BEGIN Input for this task

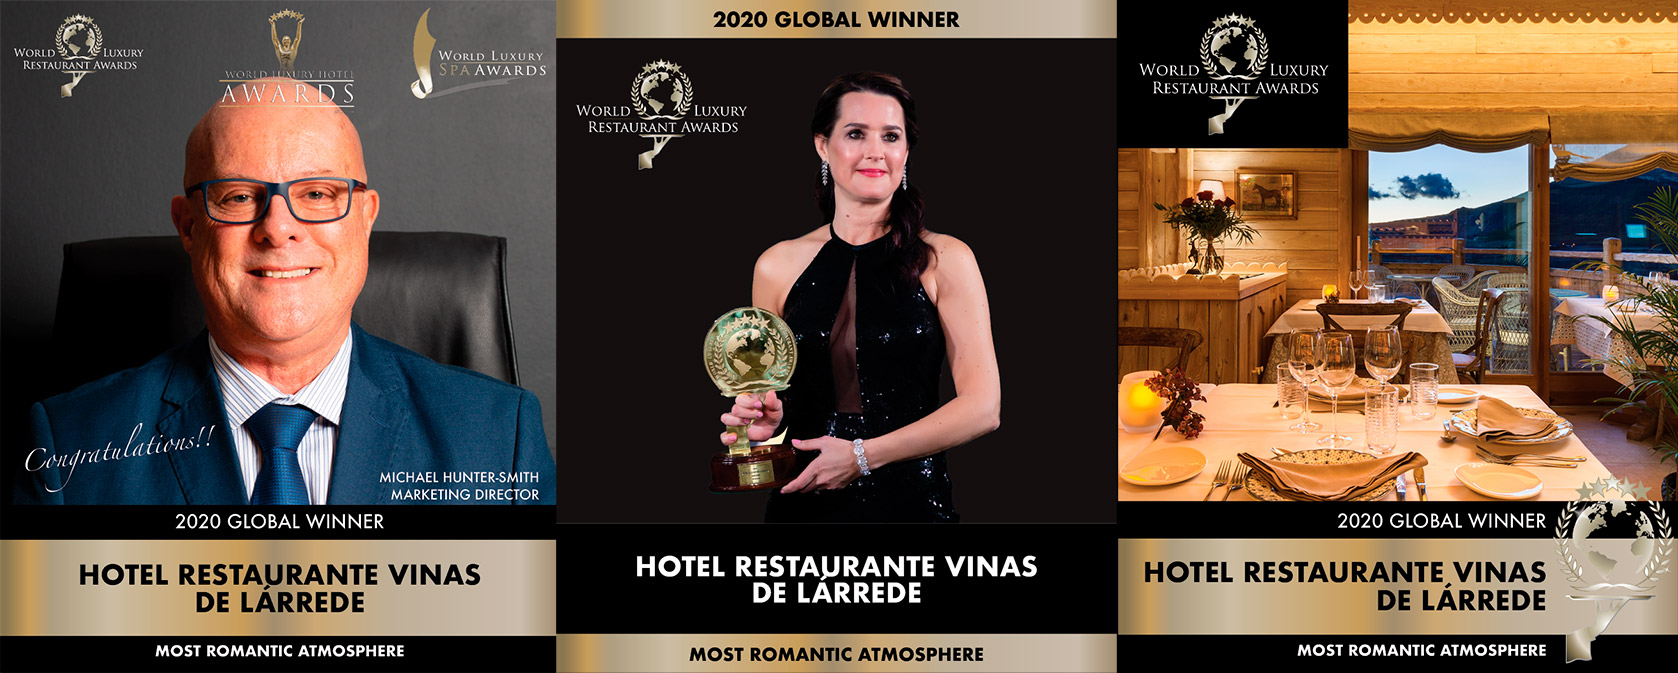 World Luxury Restaurant Awards
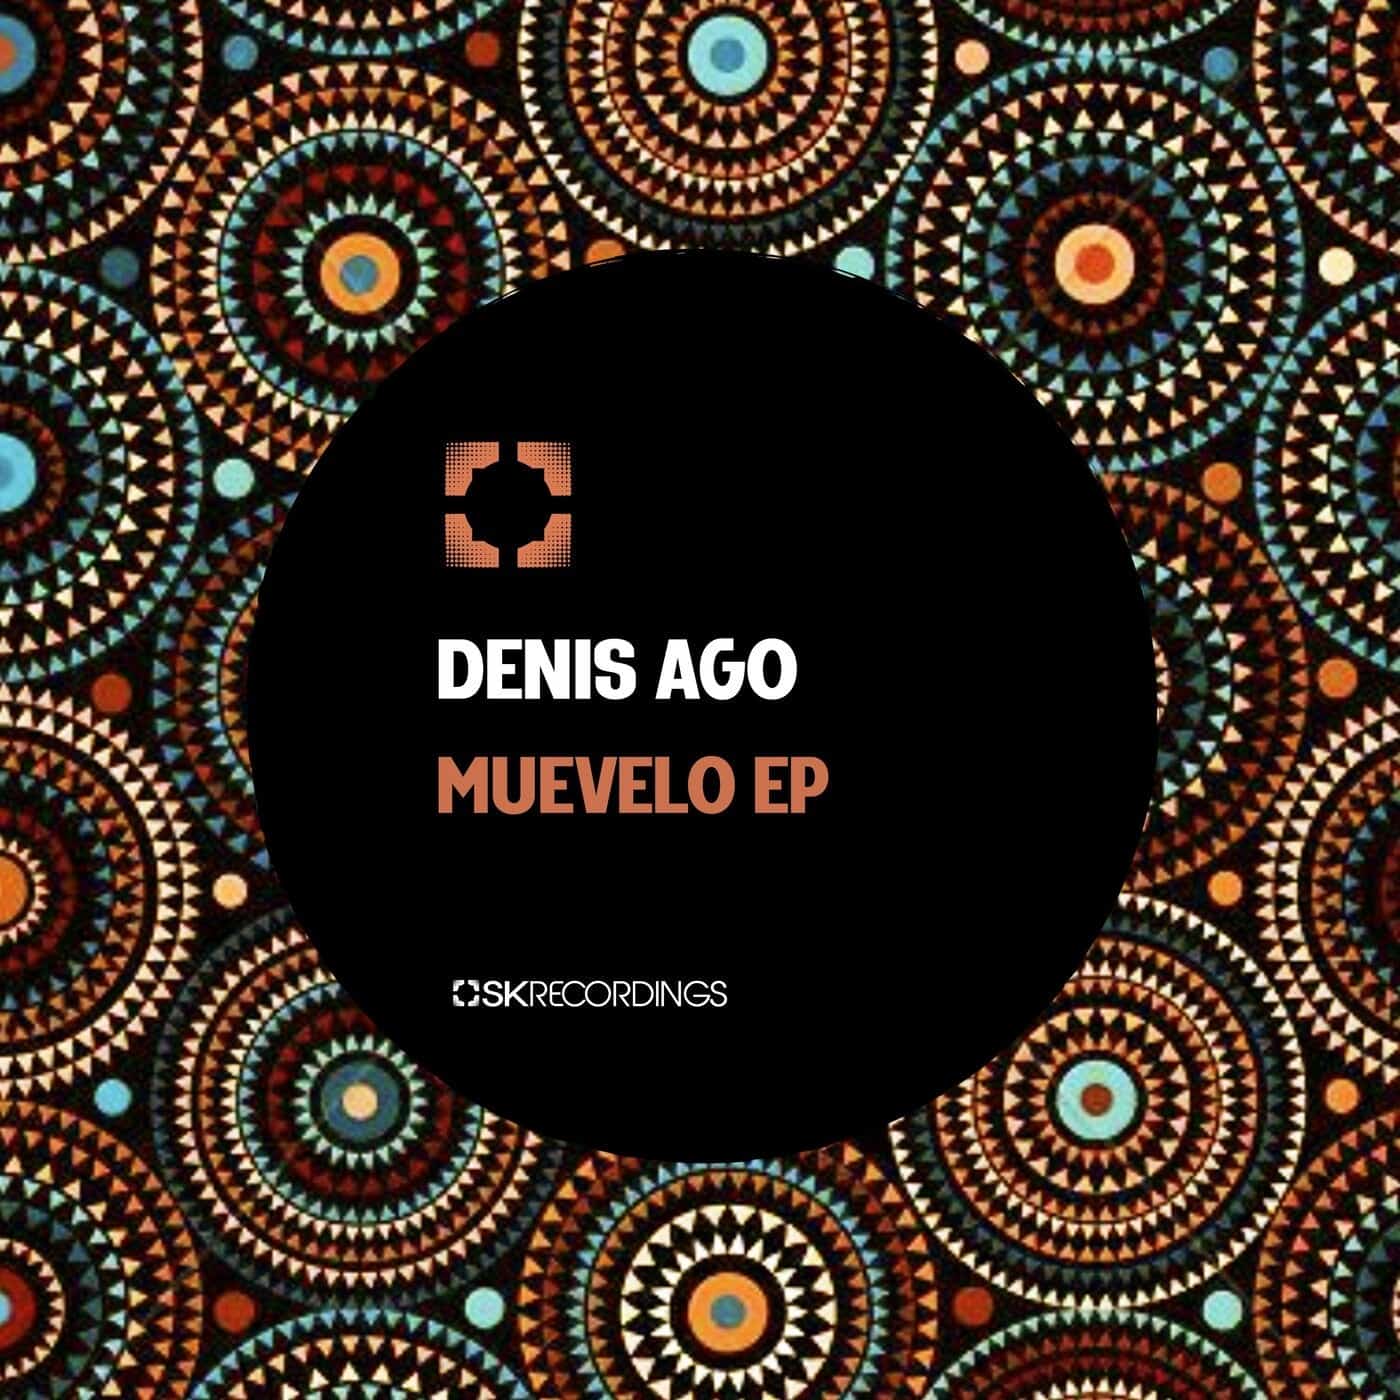 Download Denis Ago - Muevelo on Electrobuzz
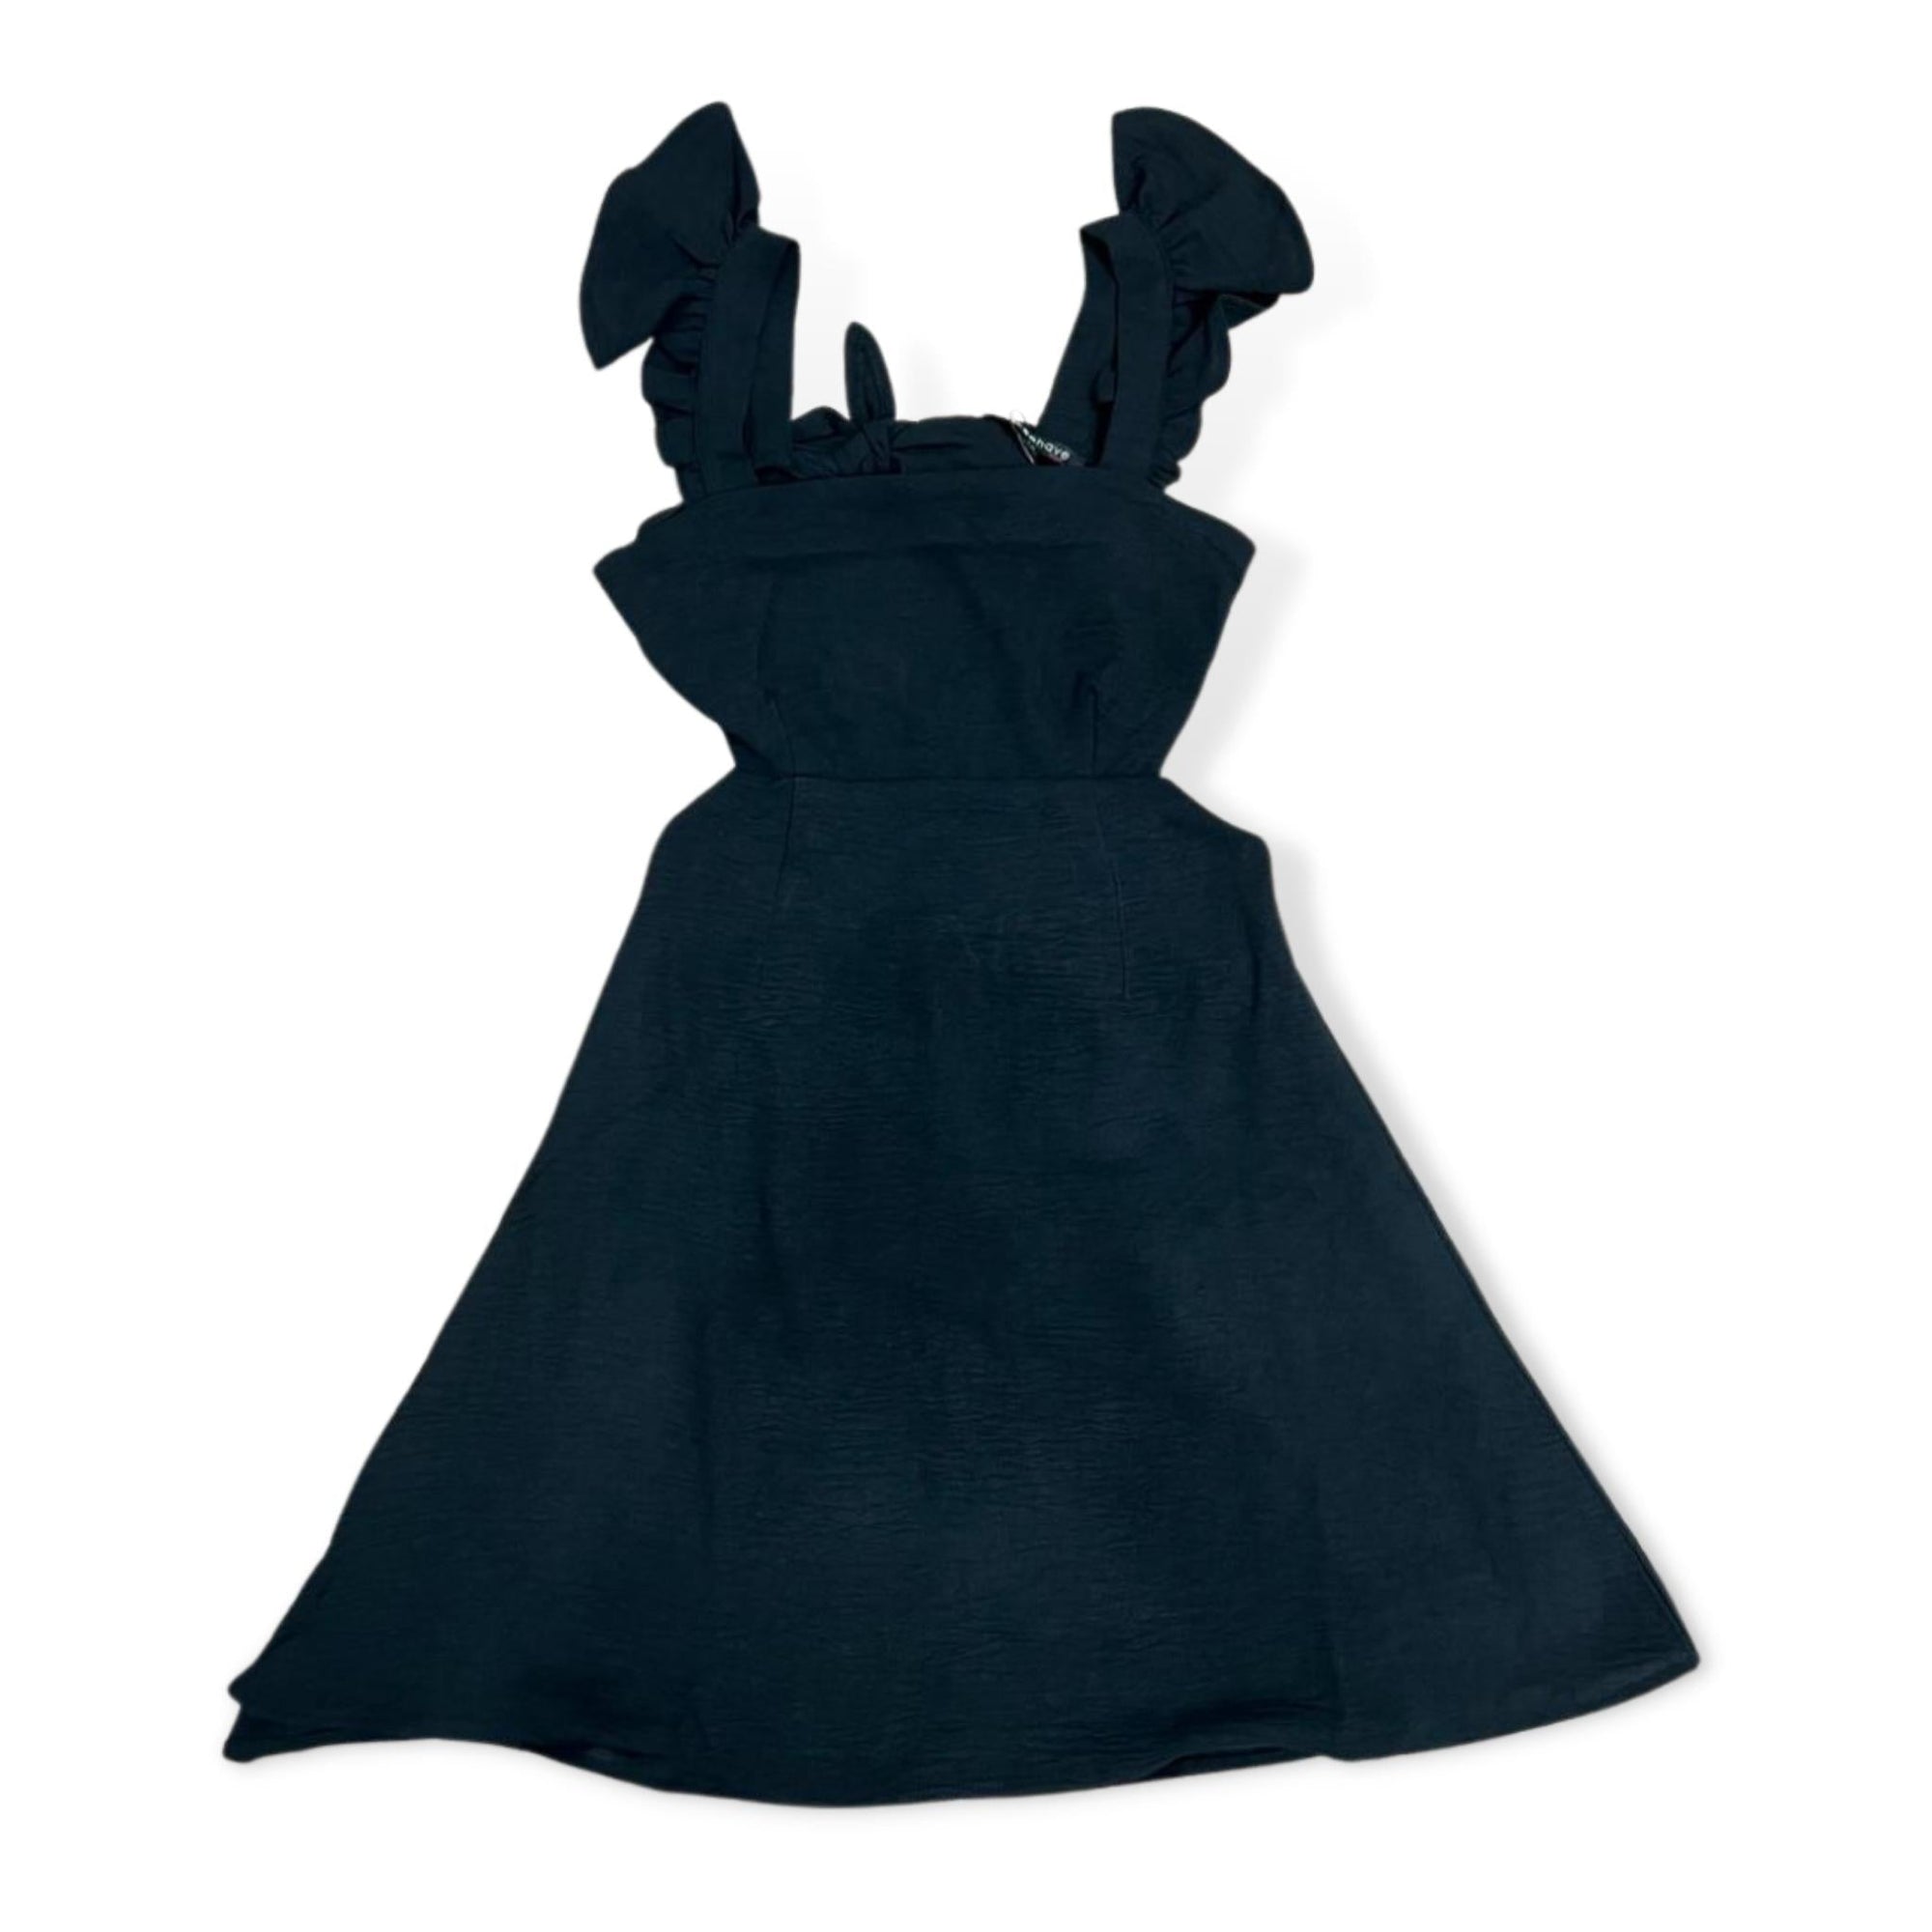 Miss Behave Girls Black Ruby Tie Back Ruffle Dress - a Spirit Animal - Dress $60-$90 10 12
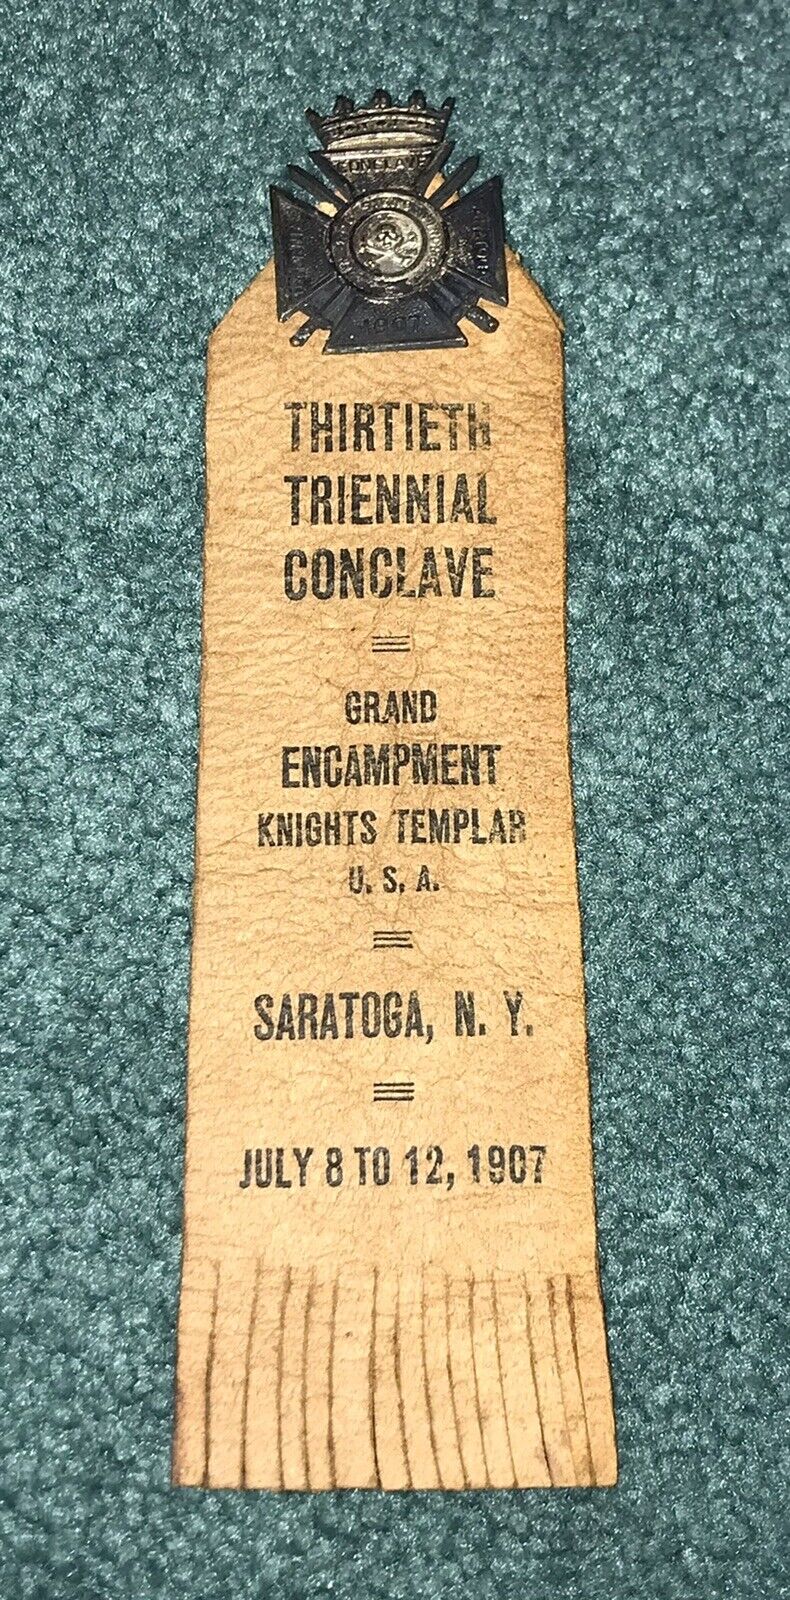 Vintage 1907 Knights Templar 13th Triennial Conclave Grand Encampment Medal
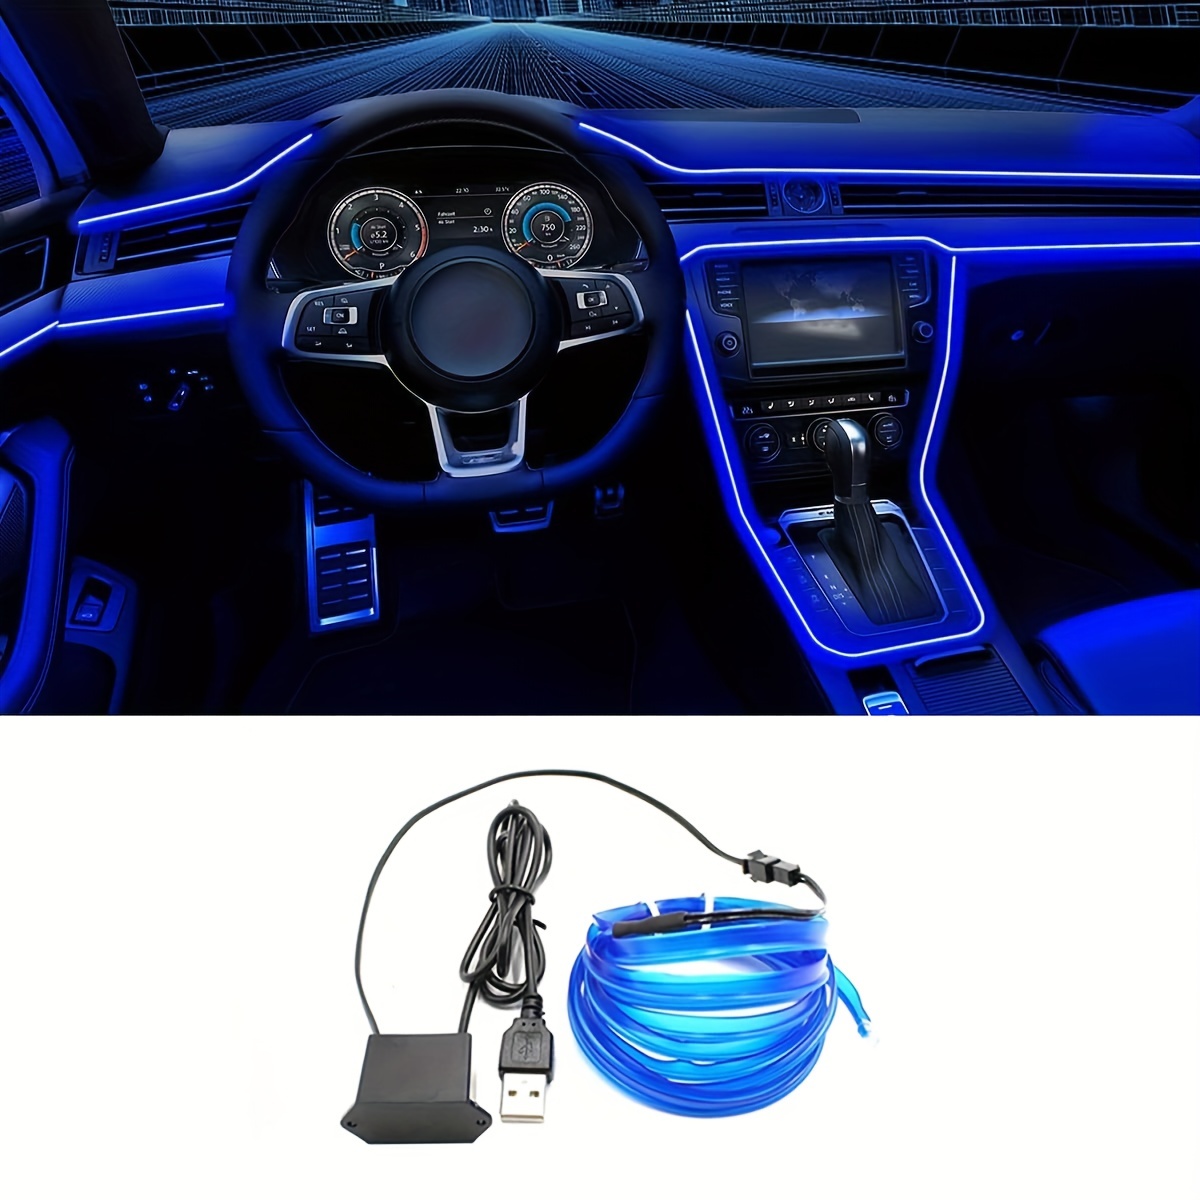 2M Car Interior Atmosphere Wire Auto Strip Light LED Decor Lamp Accessories

END Input for this task

## Exercise brief
Retype word for word the span of lines above that begins with the line containing "Vintage 1907 Knights" and ends with the last line of the records; skip all pictures.

## Exercise result
 Vintage 1907 Knights Templar 13th Triennial Conclave Grand Encampment Medal
 2M Car Interior Atmosphere Wire Auto Strip Light LED Decor Lamp Accessories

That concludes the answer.